Ground Meat Jerky
- Cooking Time: 6 hours
- Servings: 6-10
- Preparation Time: 20 min
- 1 pound 454 grams ground meat cow, buffalo, venison, elk or lamb are all delicious
- 1 tsp. 4.5 grams onion powder
- 1 tsp. 4.5 grams garlic powder
- 1/8 tsp. 0.5 grams spicy powder depends on you: paprika/cayenne/chili
- 2 tbsp. 30 grams Worcestershire sauce
- 2 tbsp. 30 grams soy sauce
- 1 tbsp. 15 grams ketchup
- 1 tsp. 4.5 grams salt
- 4-5 dried apricots chopped (~ 50 grams)
- Mix everything but the meat, let sit together for 10 min. then add the ground meat. Let this mixture chill in your fridge for 1-3 hours. Remove from the fridge. Place 1/3 of the mixture on a piece of waxed paper and press (or roll with a rolling pin) into long flat rectangles, a little less than 1 inch tall. Using a flat bladed butter knife, cut into pleasing strips (long straps are nice, but so are triangles) and dry or dehydrate. In a dehydrator it should take 6-8 hours (I leave it in overnight). In an oven, check it after 6 hours at 170 degrees.
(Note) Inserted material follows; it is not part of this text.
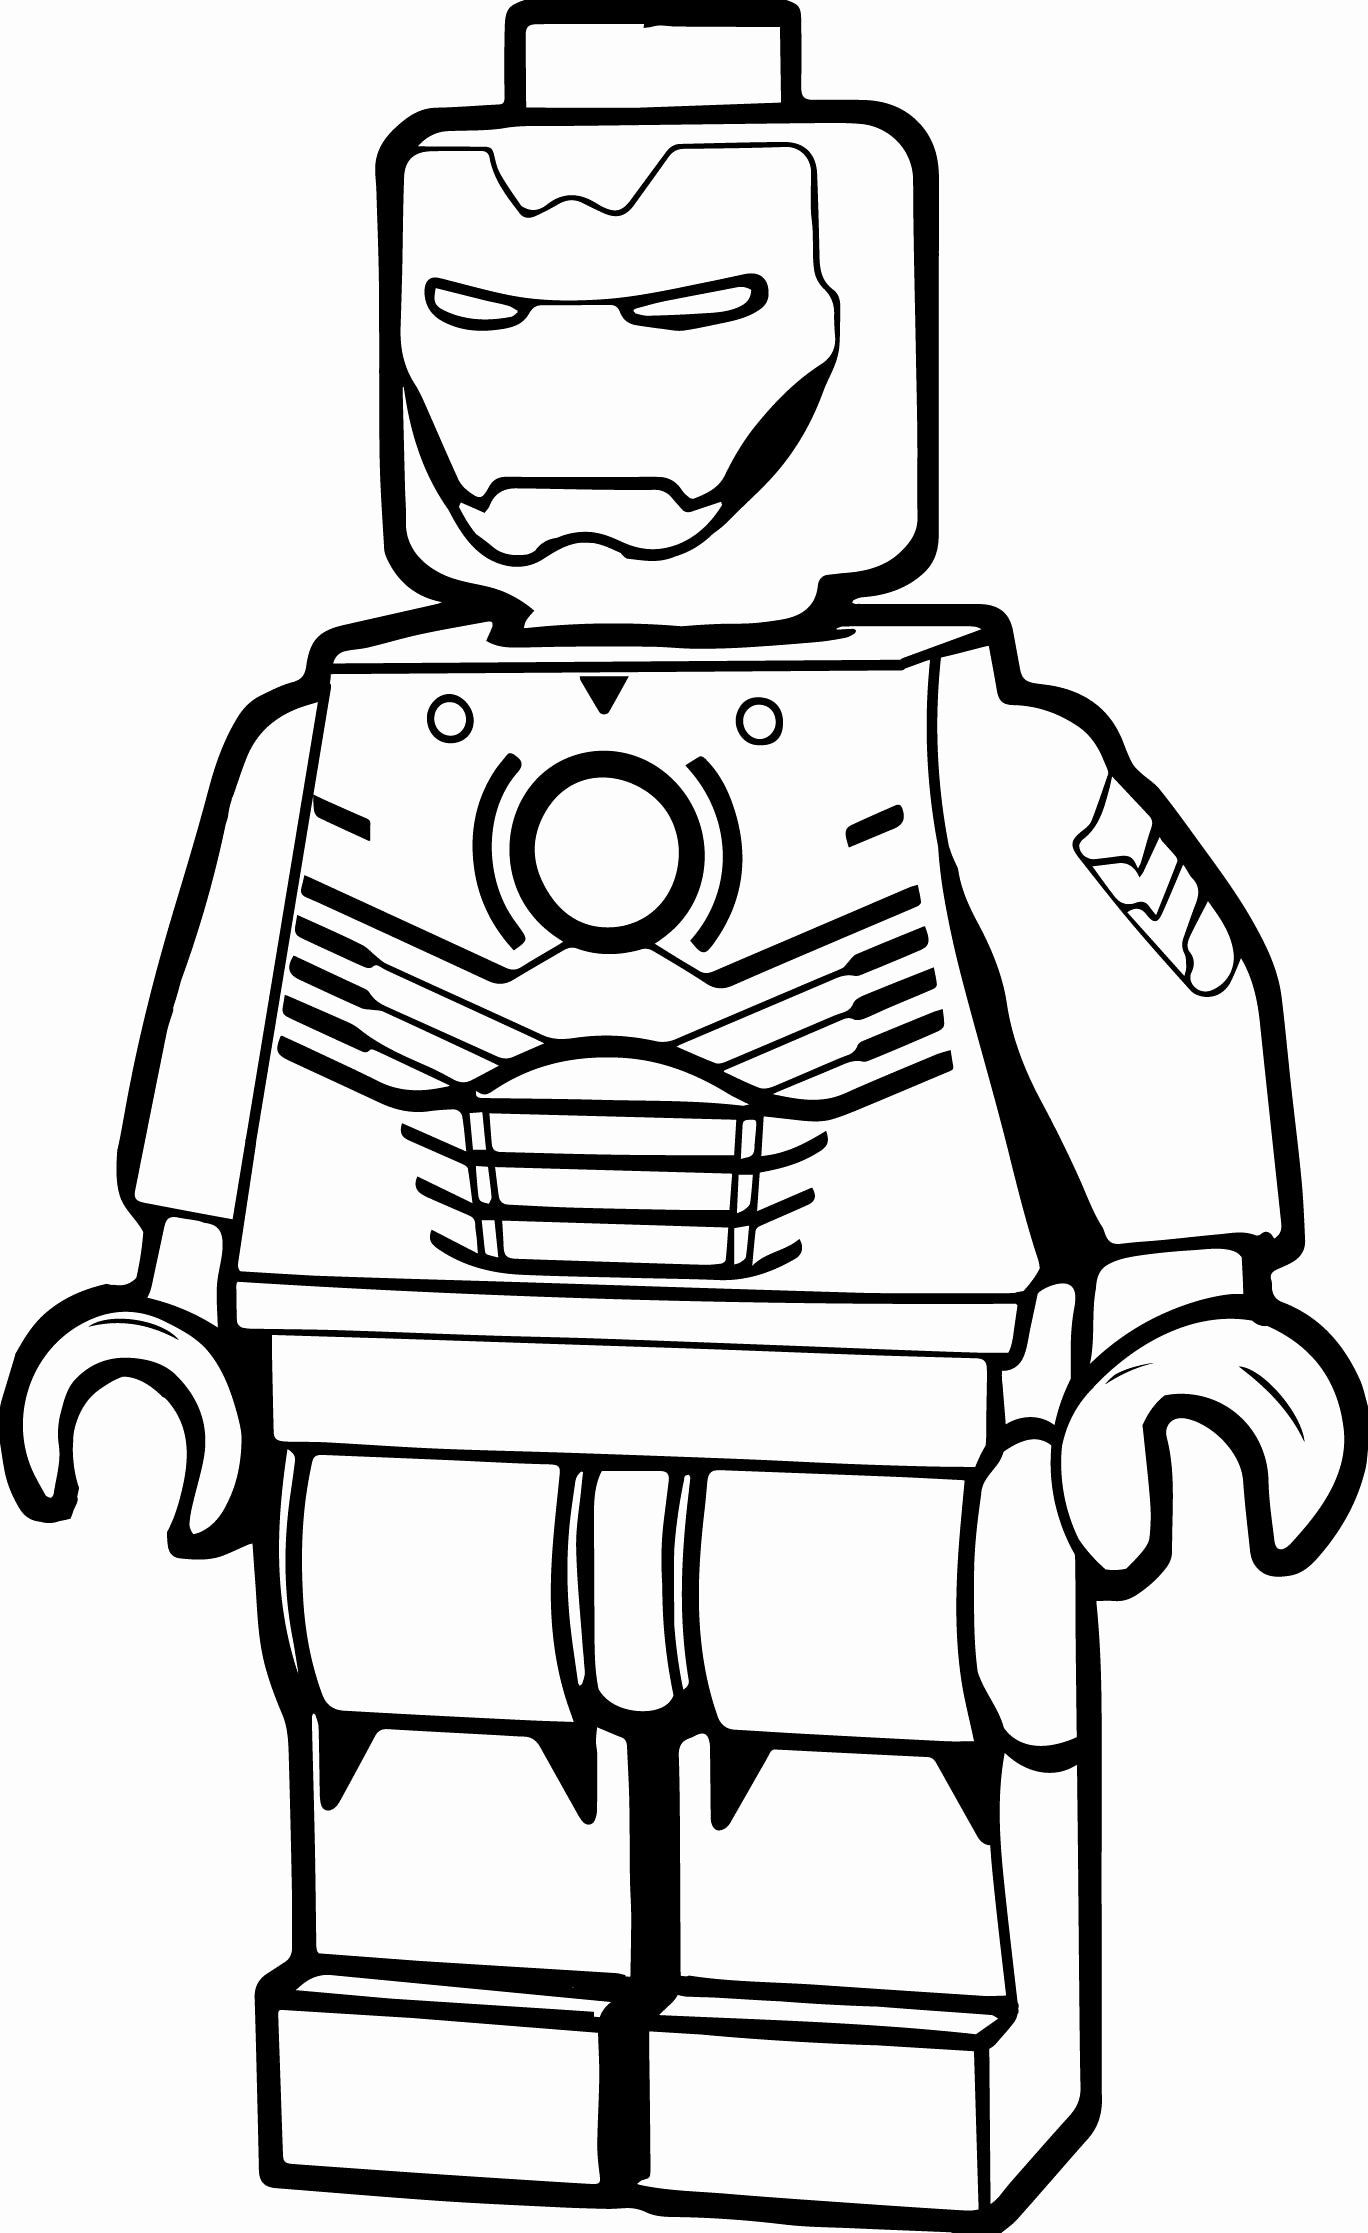 Lego Man Coloring Page Awesome Lego Iron Man Coloring Page In 2020 Lego Coloring Lego Coloring Pages Lego Iron Man

I love to bring this hiking and keep it in my truck for food emergencies. (Getting stuck in traffic can constitute a food emergency). This is especially good for people with weak teeth or those who don’t want to floss after eating jerky. It’s economical and super yum. If you do not own a dehydrator, you can dry your jerky on a cookie sheet in the oven on its lowest possible setting.